People v Avery |
2022 NY Slip Op 04179 |
Decided on June 29, 2022 |
Appellate Division, Second Department |
Published by New York State Law Reporting Bureau pursuant to Judiciary Law § 431. |
This opinion is uncorrected and subject to revision before publication in the Official Reports. |
Decided on June 29, 2022 SUPREME COURT OF THE STATE OF NEW YORK Appellate Division, Second Judicial Department
BETSY BARROS, J.P.
ANGELA G. IANNACCI
ROBERT J. MILLER
PAUL WOOTEN, JJ.
2016-09133
(Ind. No. 9431/12)
v
Ralston Avery, appellant.
Hug Law, PLLC, Albany, NY (Matthew C. Hug of counsel), for appellant.
Eric Gonzalez, District Attorney, Brooklyn, NY (Leonard Joblove and Solomon Neubort of counsel), for respondent.
DECISION & ORDER
Appeal by the defendant from a judgment of the Supreme Court, Kings County (William M. Harrington, J.), rendered June 27, 2016, convicting him of murder in the second degree and criminal possession of a weapon in the second degree, upon a jury verdict, and imposing sentence. The appeal brings up for review the denial, after a hearing, of that branch of the defendant's omnibus motion which was to suppress physical evidence.
ORDERED that the judgment is affirmed.
The defendant's contention that the evidence was legally insufficient to support his convictions is unpreserved for appellate review (see CPL 470.05[2]) and, in any event, without merit. Viewing the evidence in the light most favorable to the prosecution (see People v Contes, 60 NY2d 620), we find that it was legally sufficient to establish the defendant's guilt beyond a reasonable doubt. Contrary to the defendant's contention, the circumstantial evidence established a prima facie case as to his identity as a perpetrator of the crimes (see People v Alman, 181 AD3d 694; People v Drummond, 143 AD3d 836). Moreover, in fulfilling our responsibility to conduct an independent review of the weight of the evidence (see CPL 470.15[5]; People v Danielson, 9 NY3d 342, 349), we nevertheless accord great deference to the jury's opportunity to view the witnesses, hear the testimony, and observe demeanor (see People v Mateo, 2 NY3d 383, 410; People v Bleakley, 69 NY2d 490, 495). Upon reviewing the record here, we are satisfied that the verdict of guilt was not against the weight of the evidence (see People v Romero, 7 NY3d 633).

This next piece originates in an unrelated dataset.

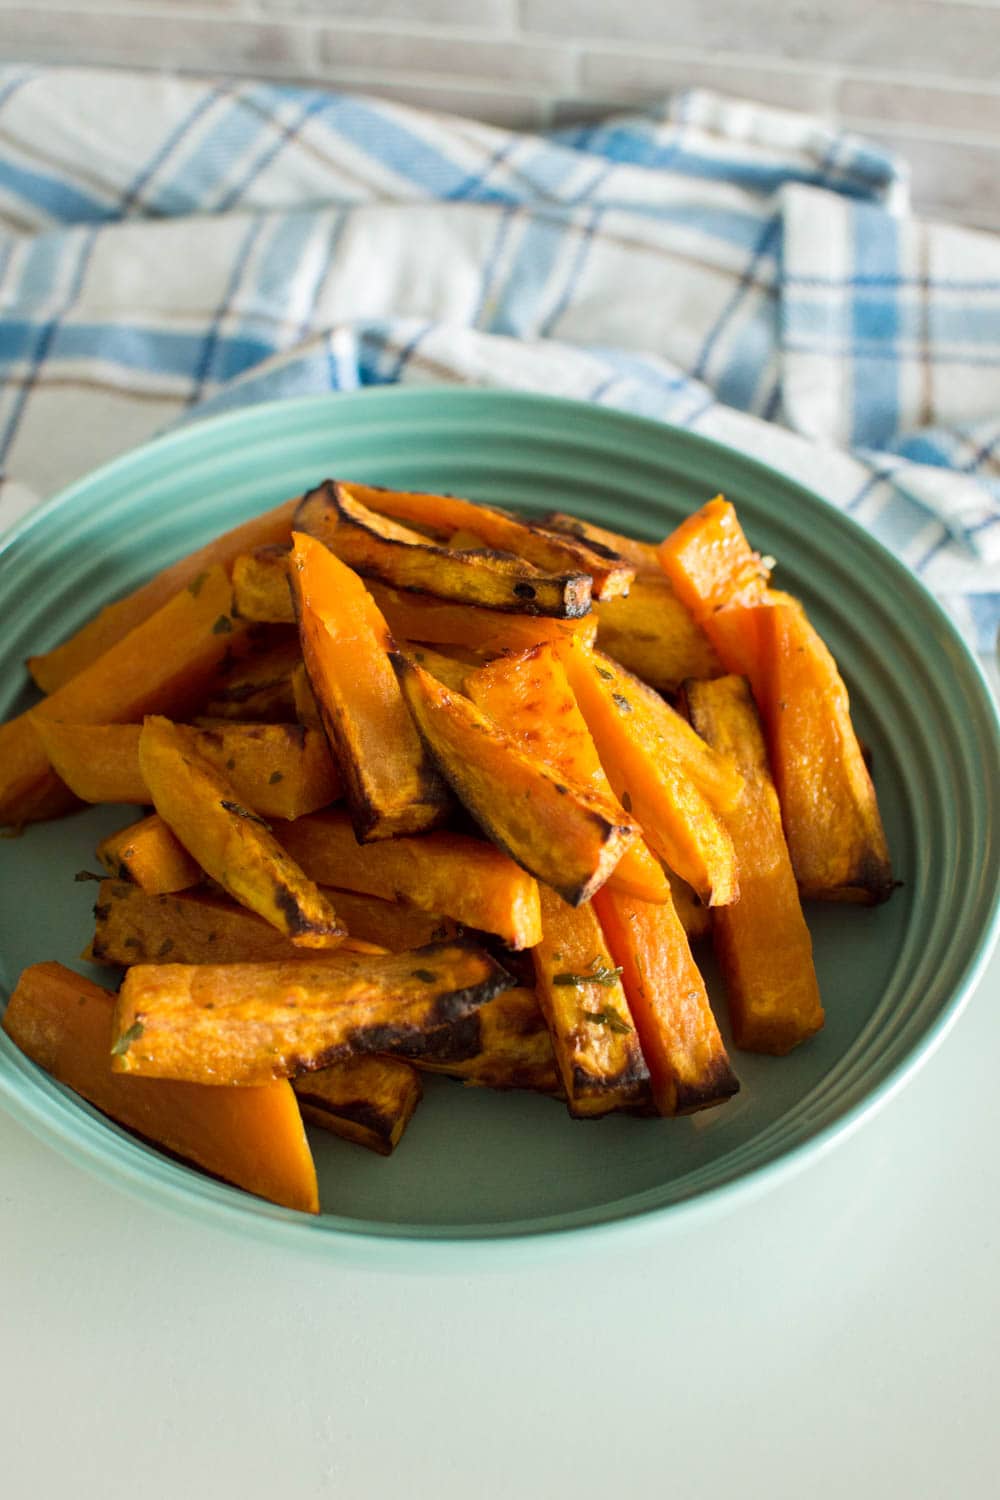 Sweet potato fries served in a green bowl
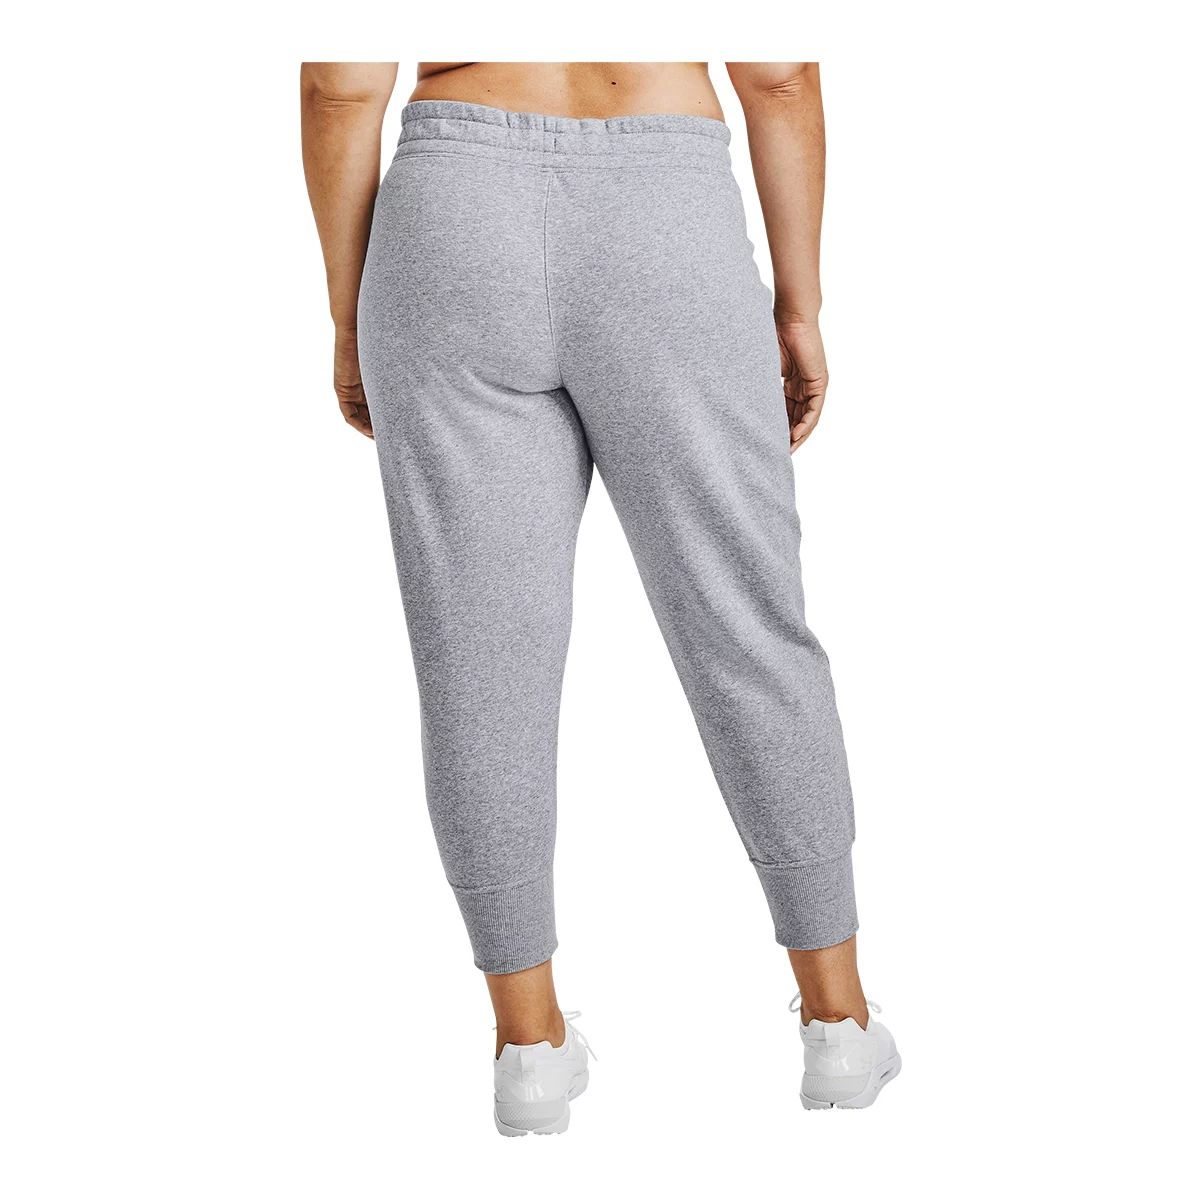 Under Armour Sweatpants Girls Large Loose Teens Gray Zip Pockets Stretch  N205

The defendant's contention that the Supreme Court should have granted that branch of his omnibus motion which was to suppress physical evidence is without merit. Contrary to the defendant's contention, the record supports the court's determination that the police officers had a reasonable suspicion of criminal activity to justify their pursuit of him (see People v Martinez, 80 NY2d 444, 448; People v Cantor, 36 NY2d 106, 112-113; cf. People v Sierra, 83 NY2d 928).
The defendant failed to preserve for appellate review his contentions that the prosecutor's opening and summation remarks, as well as the prosecutor's elicitation of allegedly inflammatory evidence from a witness, constituted reversible error. The defendant failed to object to the remarks or made only general objections, failed to request curative instructions, and did not [*2]timely move for a mistrial on the grounds now claimed (see CPL 470.05[2]; People v Romero, 7 NY3d 911, 912; People v Balls, 69 NY2d 641, 642; People v Kiarie, 198 AD3d 814, 815; People v Barrett, 159 AD3d 1018, 1018-1019). In any event, contrary to the defendant's contentions, the prosecutor's remarks and line of questioning, even taken cumulatively, were "not so flagrant or pervasive as to have deprived the defendant of a fair trial" (People v Kiarie, 198 AD3d at 815; see People v Molina, 188 AD3d 920, 922; People v Lindsey, 172 AD3d 1233, 1234).
The defendant's claim that he was deprived of the constitutional right to the effective assistance of counsel is based, in part, on matter appearing on the record and, in part, on matter outside the record and, thus, constitutes a "mixed claim" of ineffective assistance (People v Maxwell, 89 AD3d 1108, 1109). Since the defendant's claim of ineffective assistance of counsel cannot be resolved without reference to matter outside the record, a CPL 440.10 proceeding is the appropriate forum for reviewing the claim in its entirety, and we decline to review the claim on this direct appeal (see People v Addison, 107 AD3d 730, 732; People v Freeman, 93 AD3d 805, 806; People v Maxwell, 89 AD3d at 1109).
The defendant's remaining contention is without merit.
BARROS, J.P., IANNACCI, MILLER and WOOTEN, JJ., concur.